A Glossdown file is plain Markdown — YAML frontmatter for metadata plus a Markdown table of entries.

English:

---
glossdown: "1.0"
name: Engineering terms
locale: en
license: CC-BY-4.0
---

| term | aliases |
|---|---|
| Kubernetes | k8s, kube, coobernetties |
| Anthropic | anthropic, and tropic |
| Worcestershire | woost-er-sher, worcester |

Japanese:

---
glossdown: "1.0"
name: 医療用語(循環器)
locale: ja
license: CC-BY-4.0
---

| term | aliases |
|---|---|
| 心房細動 | しんぼうさいどう, AF, Afib, エーエフ |
| アブレーション | あぶれーしょん, ablation |
  • term — the canonical surface form (the output). Always present.
  • aliases — a comma-separated, ordered list of keys that should resolve to term.
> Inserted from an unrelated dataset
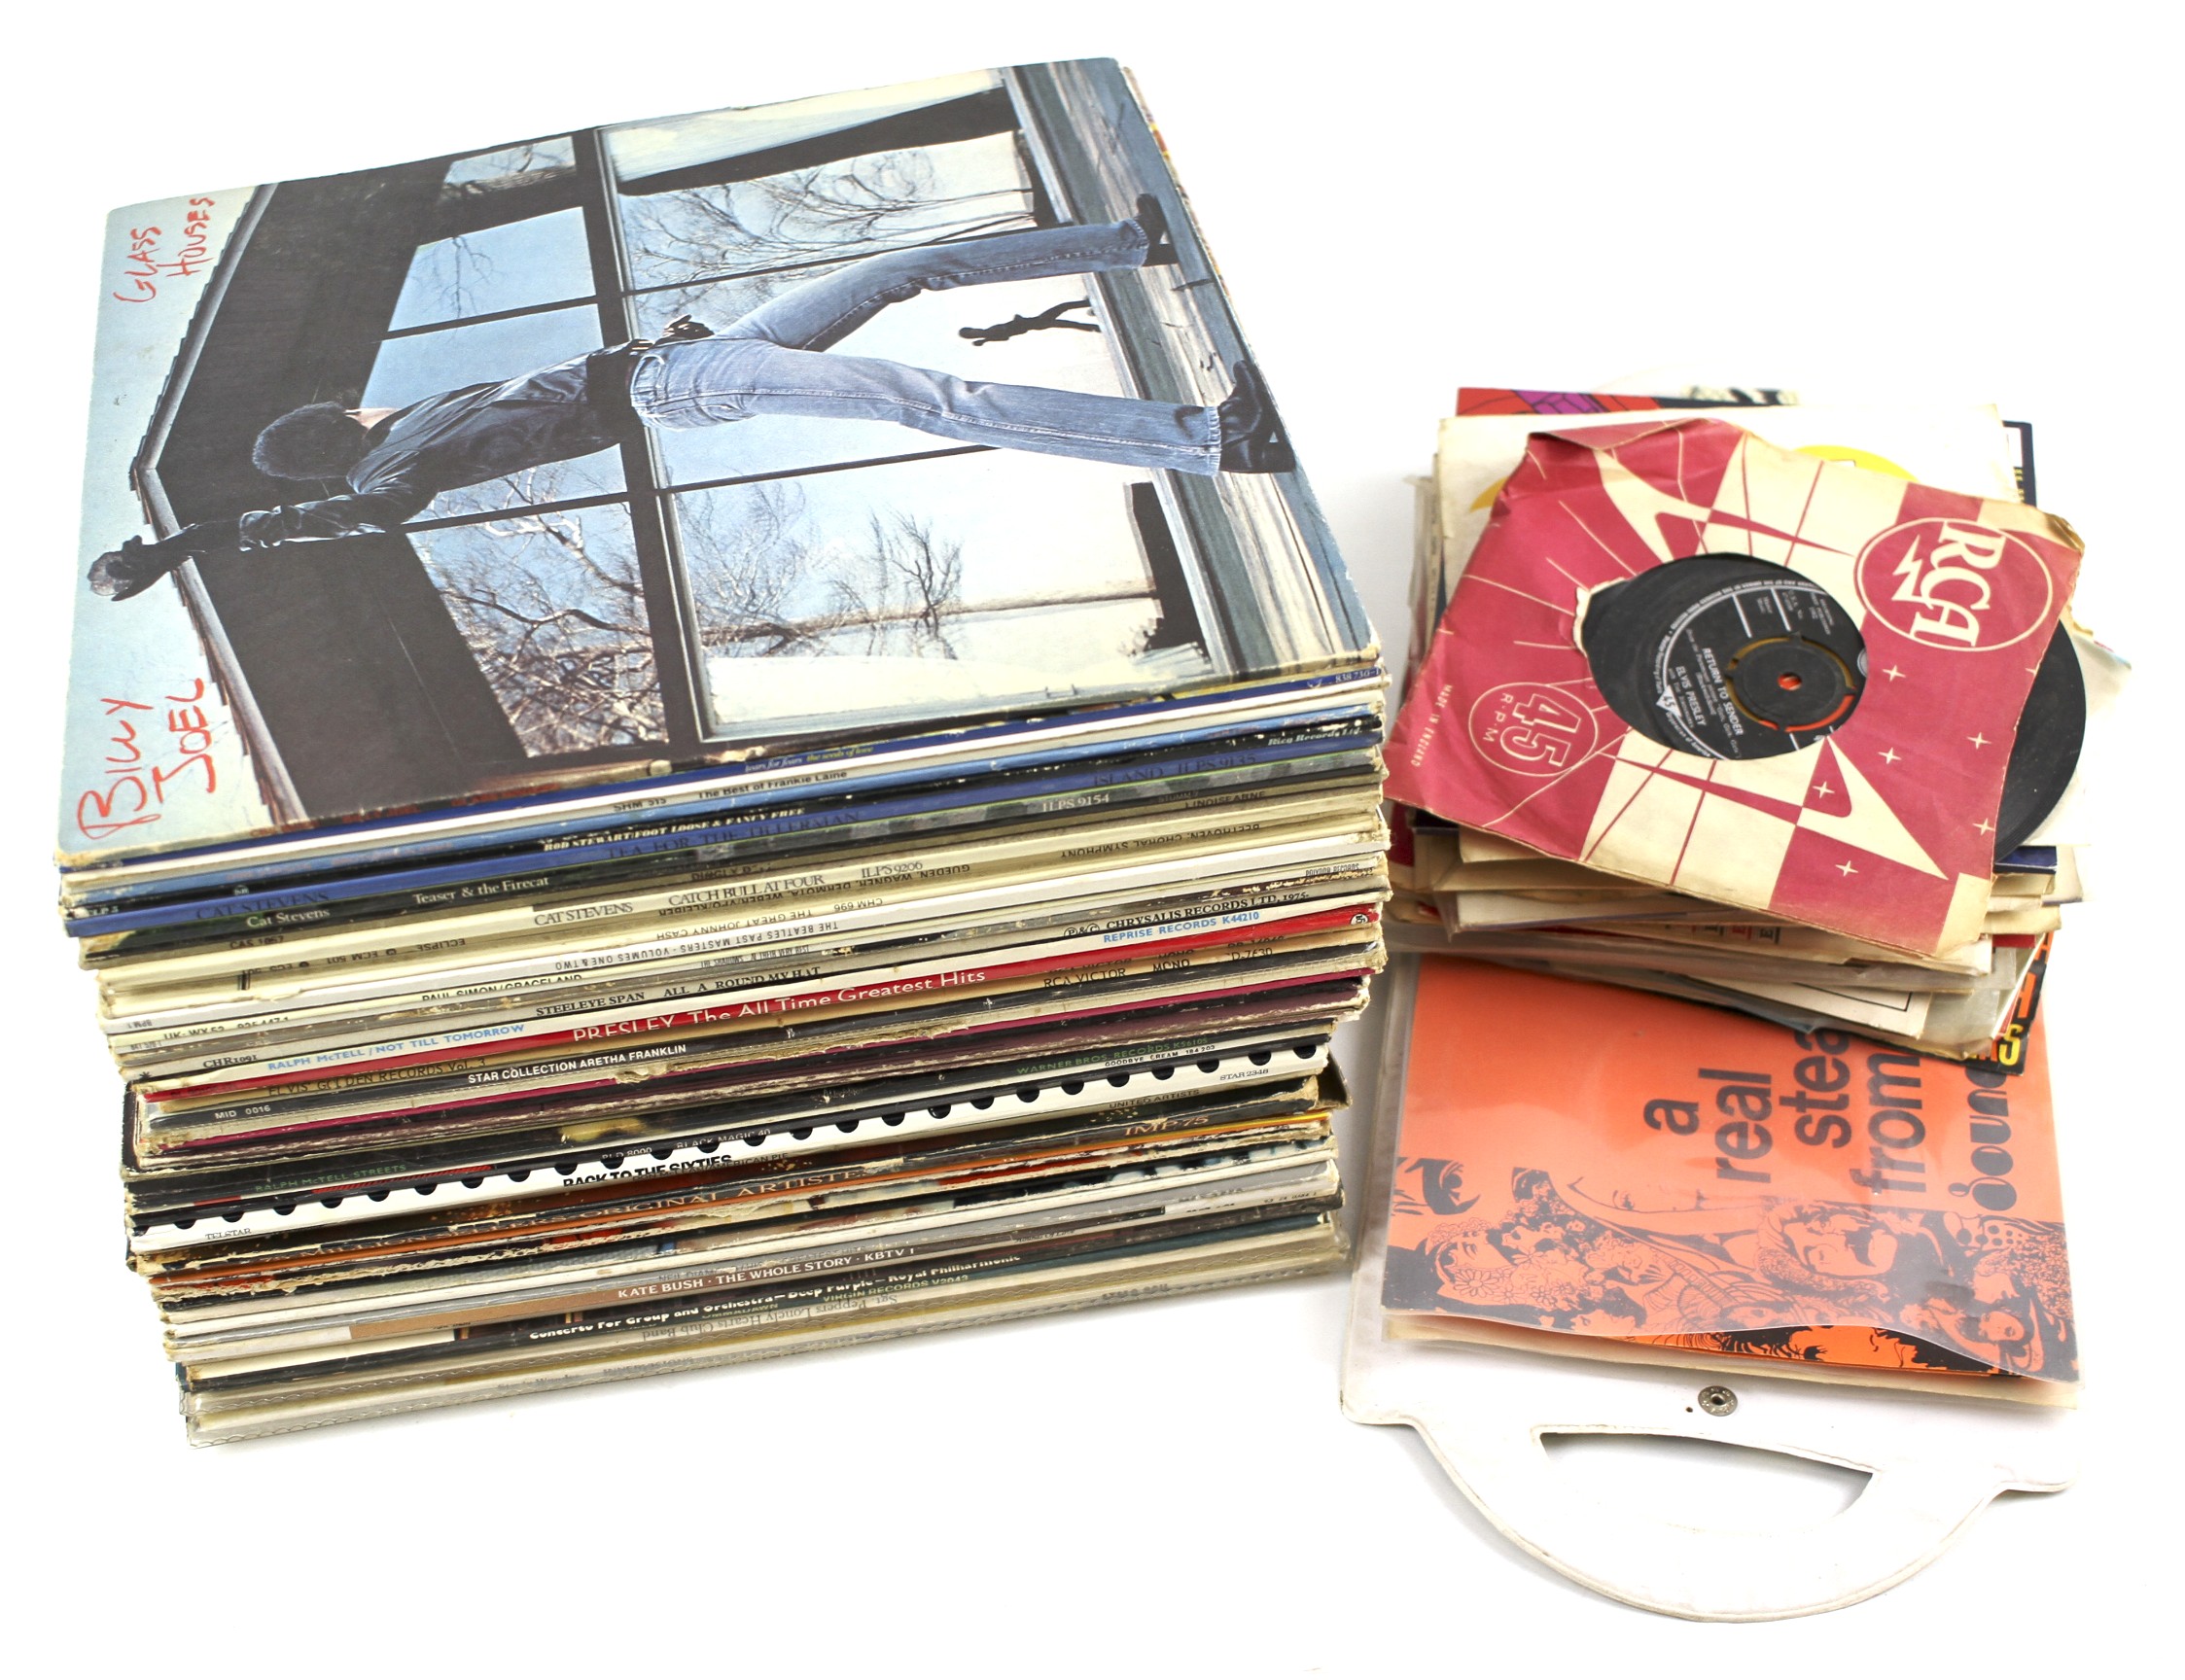 A large collection of vinyl. Including Elvis Presley, Sgt.

The first entry is the primary key (treated as the preferred match and the sort key); the rest are equal.
    • Japanese: put the reading (kana) first — the surface is kanji, so the reading can't be derived reliably for proper nouns (江島 → the engine guesses えしま, missing えじま), and kana is the natural sort order.
    • English: the phonetic key is derived from the spelling via double-metaphone, so you usually don't write a reading — aliases is just misrecognitions/acronyms (e.g. ASR hears "and tropic" → corrected to "Anthropic"), and entries sort by term. Add a sounds-like first entry only for irregular words (Worcestershire, Siobhan).
    • The comma is the separator, so it never appears inside an alias; other punctuation is fine (.NET, C++, node.js).

Frontmatter: glossdown (format version, quoted) and name are required. locale is optional — a label for single-language packs; matching routes per entry by script (kana/kanji vs Latin), so one file can freely mix languages (e.g. a personal glossary with both Japanese names and English jargon).

Output-side, not input-side

Unlike classic pronunciation lexicons (W3C PLS, ASR custom vocabularies) that tell a speech engine how to pronounce or bias toward words, Glossdown is an output-side correction glossary: its phonetic keys are used to match an ASR engine's already-emitted (and possibly wrong) text back to a canonical term. The engine never consumes the glossary, so it works even with on-device engines that expose no vocabulary-biasing API.

Status

The name is reserved. The specification and a reference parser/validator are in progress at https://glossdown.org.

License

MIT (this package). Glossdown files themselves carry their own license field in frontmatter.